Right now I am trying to train/finetune a pretrained RoBERTa model with a multichoice head, but I am having difficulty finding the right input so my model is able to train/finetune.
The dataframe I have right now looks like this:
With the 3 options being tokenized sentences, using:
tokenizer = RobertaTokenizer.from_pretrained('roberta-base')
for i in range(0, len(train_data)):
train_data["OptionA"][i] = tokenizer.encode(train_data["OptionA"][i])
train_data["OptionB"][i] = tokenizer.encode(train_data["OptionB"][i])
train_data["OptionC"][i] = tokenizer.encode(train_data["OptionC"][i])
My evaluation set looks like this as well, with the test set having 6500 rows and the evaluation set having 1500 rows. I am trying to implement this with:
from transformers import RobertaForMultipleChoice, Trainer, TrainingArguments
model = RobertaForMultipleChoice.from_pretrained('roberta-base')

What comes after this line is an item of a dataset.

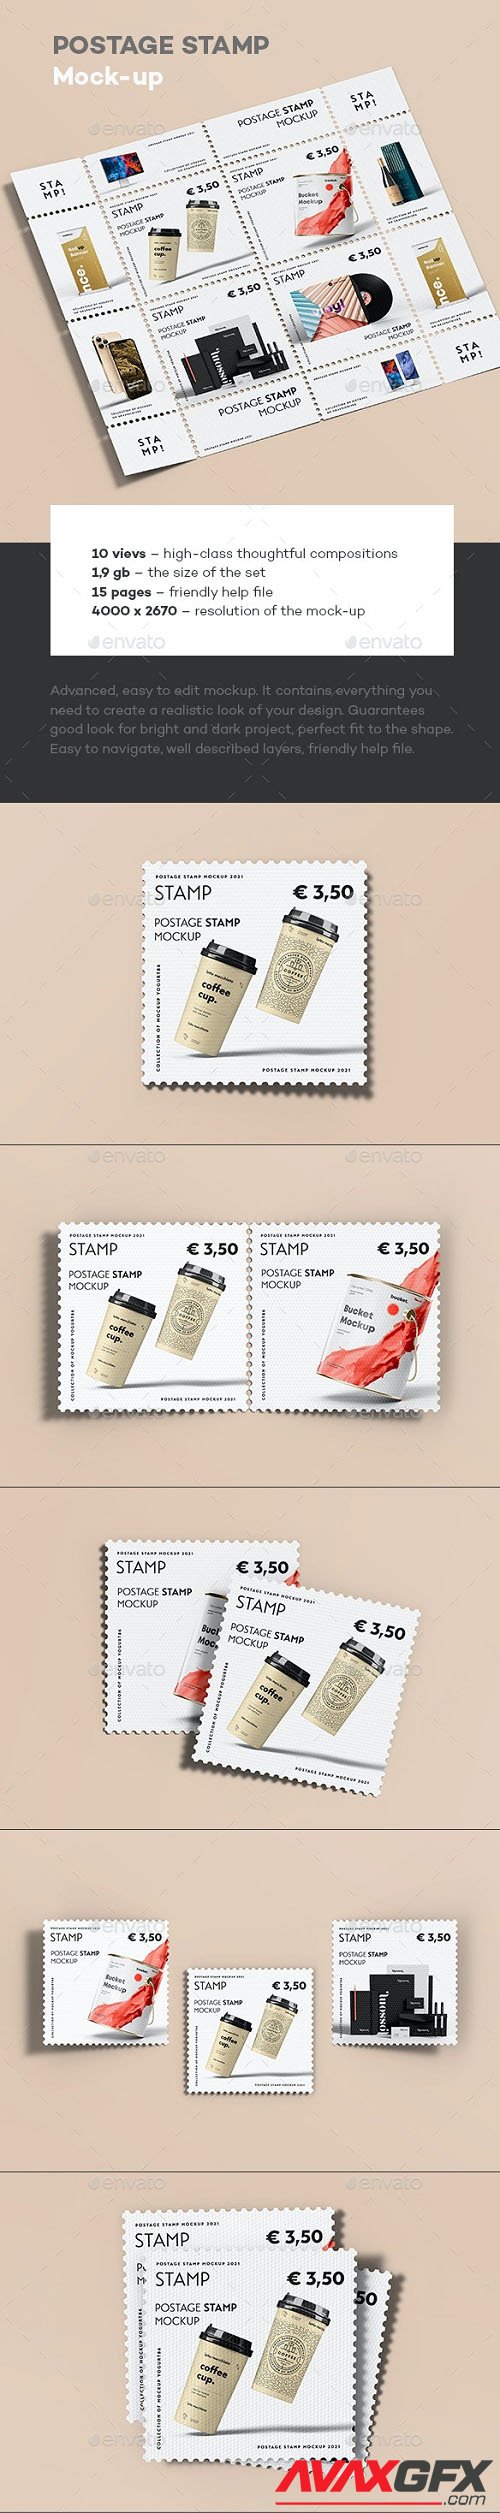 Postage Stamp Mockup - 32396102
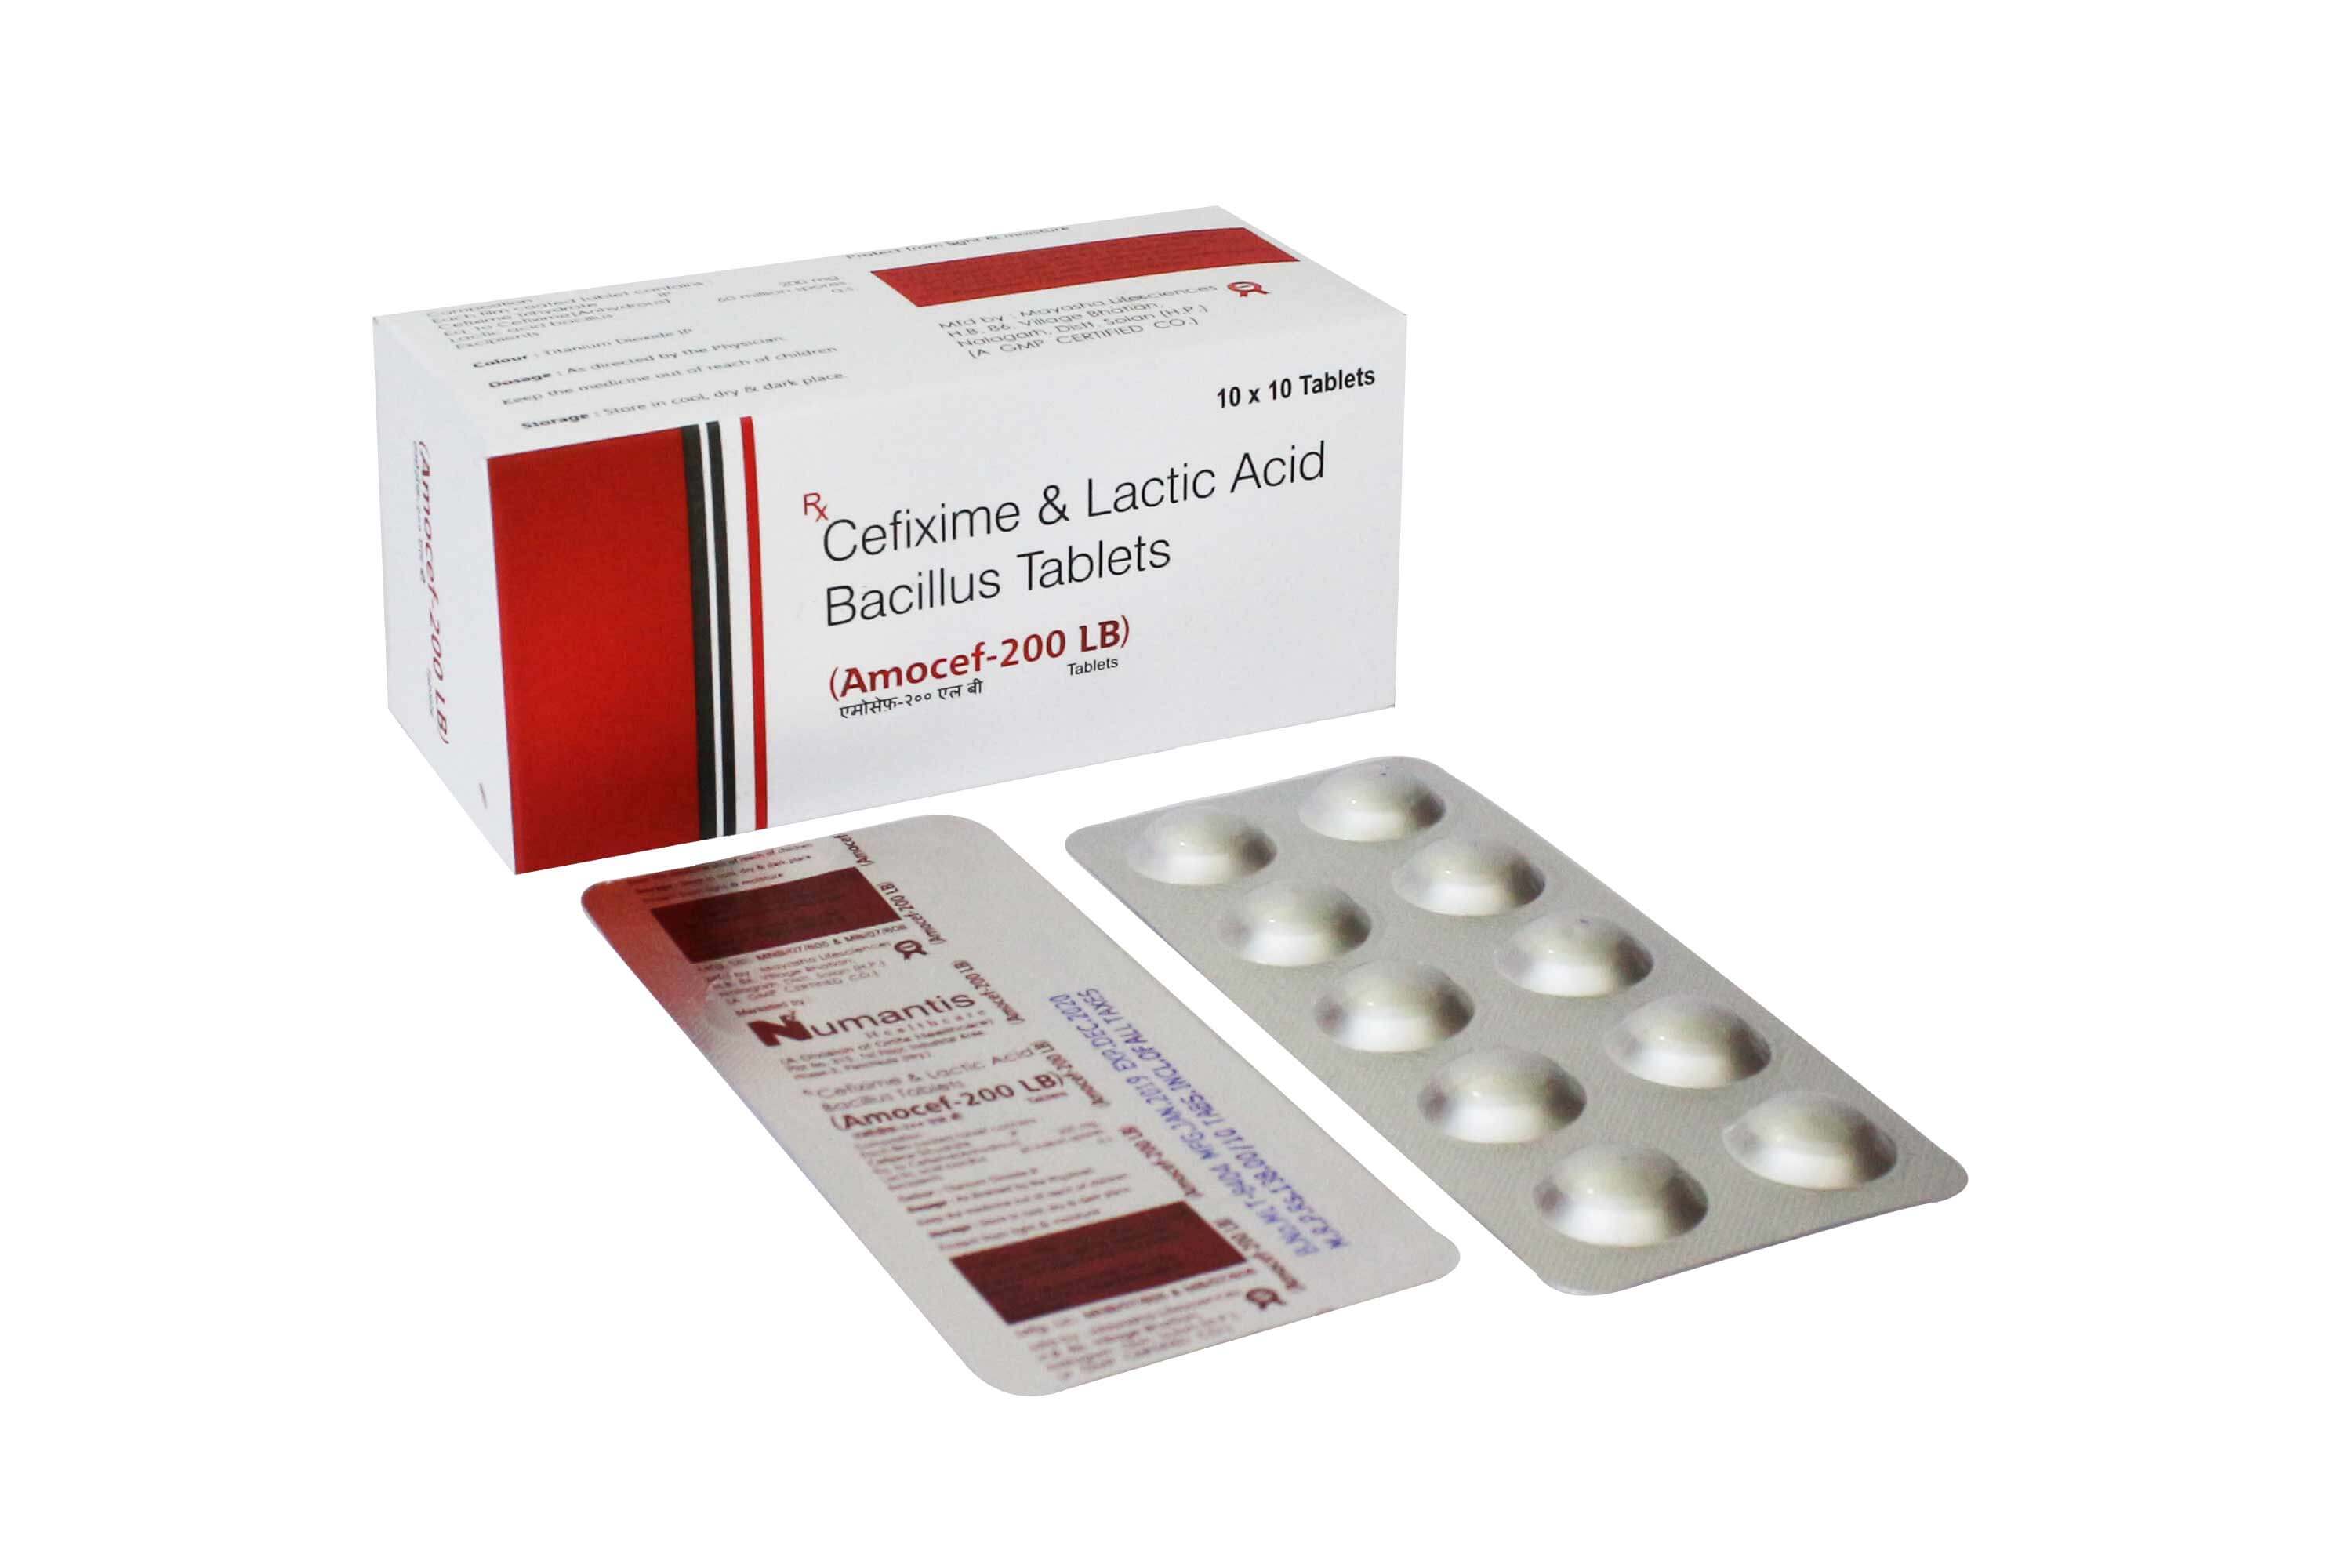 Product Name: Amocef 200 LB, Compositions of Amocef 200 LB are Cefixime & Lacti Acid Bacillus Tablets  - Numantis Healthcare

training_args = TrainingArguments(
output_dir='./results', # output directory
num_train_epochs=1, # total # of training epochs
per_device_train_batch_size=32, # batch size per device during training
per_device_eval_batch_size=32, # batch size for evaluation
warmup_steps=500, # number of warmup steps for learning rate scheduler
weight_decay=0.01, # strength of weight decay
logging_dir='./logs', # directory for storing logs
)
trainer = Trainer(
model=model, # the instantiated Transformers model to be trained
args=training_args, # training arguments, defined above
train_dataset = train_split, # training dataset
eval_dataset = eval_split # evaluation dataset
)
trainer.train()
But I keep getting different keyerrors, an example:
KeyError: 2526
If anyone knows what I am doing wrong, I would be very grateful as I am stuck trying to train this model for the past 3 days.